Tras un 2020 desconcertante y unas fiestas navideñas diferentes, con los típicos señuelos consumistas, pero sin tantos tópicos tradicionales, afrontamos la cuesta de enero con la esperanza de que sea una rampa de lanzamiento hacia un quimérico 2021, en mitad de este páramo de desolación.
En los tiempos que corren, como docente, asisto a sucesivas reformas o regresivas contrarreformas educativas –siempre sectarias, nunca mayoritariamente consensuadas-, a la paulatina transformación de los centros educativos en centros sociosanitarios, a una enseñanza cada vez más informal y no formal, más complementaria y extraescolar, y pienso que cualquier cambio no ha de quedarse en mera reforma o modificación, sino apostar por la innovación, de manera pactada, con una planificación a largo plazo, con una financiación adecuada, que contemple en los presupuestos la educación como inversión, no como gasto, y sobre todo, aprovechando el saber hacer – la competencia- de los docentes y no desperdiciando tanta experiencia.

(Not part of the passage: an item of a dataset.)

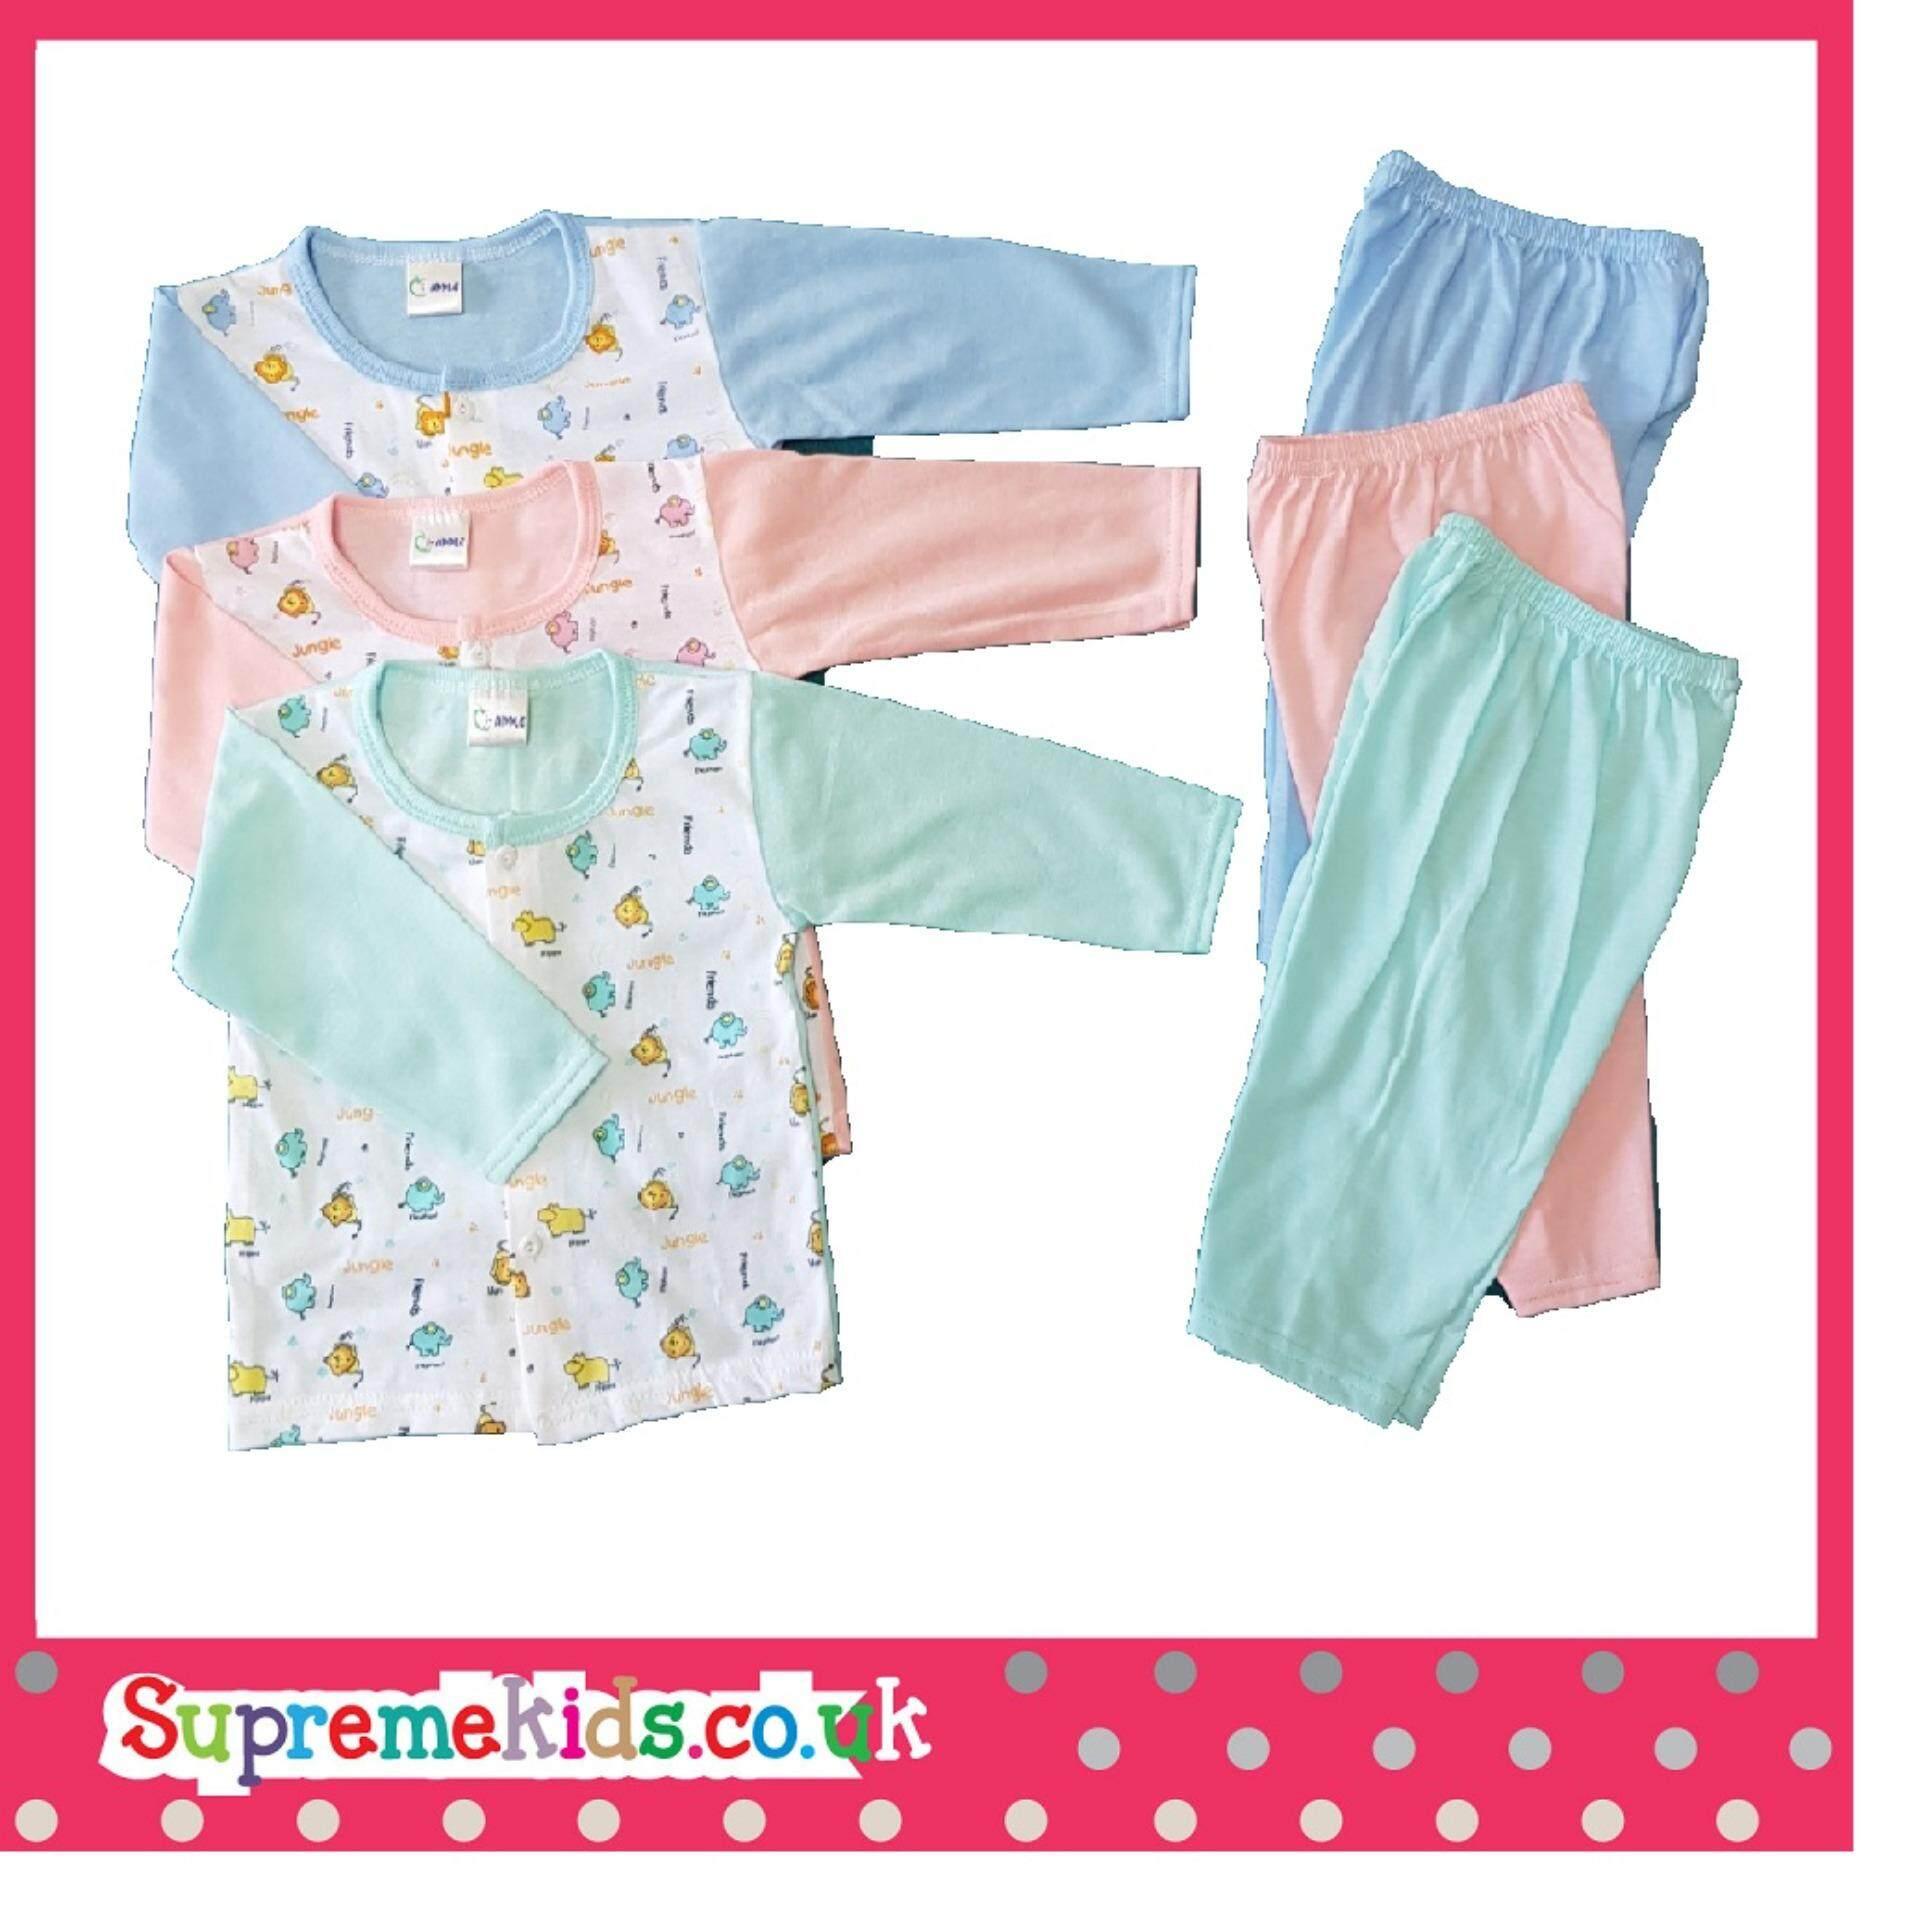 Newborn & Baby 3 SET Pajamas Bundle Sales (Fit to Age: 6-18Mth Mass:8-12kg Height:69-80CM)

Como sindicalista atípico, vapuleado por la opinión pública y ninguneado por la administración, contemplo asombrado lo bien que funcionan los centros educativos, gracias a la profesionalidad y la entrega de los compañeros, permanentemente formados, hastiados de tanta burocracia y amargados por no poder hacer bien su trabajo, ya que cada vez escuchan más, en lugar de ser escuchados, convirtiéndose, aún sin quererlo, en una fuente de resistencia a los continuos cambios y vaivenes, ya que como todo ser humano se cansan de tanta inestabilidad y acaban rindiéndose a la rutina, que es más cómoda.
Como padre, intento pasar el máximo tiempo con mis hijos para ser partícipe de su educación y no mero espectador. Es una lucha continua con miles de actividades y múltiples distracciones. No quiero olvidar que son niños y han de jugar, que han de equivocarse y aprender para crecer, que no siempre es “sí”, aunque tampoco “no”. El respeto, el cariño y los valores no se aprenden, se viven, se sienten, se comparten. Pienso que hay que estar para enseñar a ser.
Como ciudadano y persona, siento vértigo al contemplar el abismo moral de esta sociedad. Veo a gente válida, buena, inteligente y capaz sufriendo, desnortada y aturdida. Gente que intenta afrontar la pandemia actual y paliar la crisis económica mundial, preguntándose como la humanidad ha llegado a esta coyuntura crítica. Gente que lucha contra la hegemonía político-económica global y totalitaria, consecuencia del capitalismo inmisericorde y del liberalismo atroz, que ha engendrado desigualdades sociales y una creciente alienación por la mercantilización de la vida. Gente que, en un mundo gobernado por la competencia y la competitividad, fracasa y pasa a ser perdedora ante la sociedad y ante sí mismos, abocada a la soledad y sus consecuencias (epidemia de autolesiones, desórdenes alimentarios, depresión, incomunicación, ansiedad y fobia social). En fin, esta vida es un auténtico “vendaval de ruido y furia”, como ya advirtiese Shakespeare.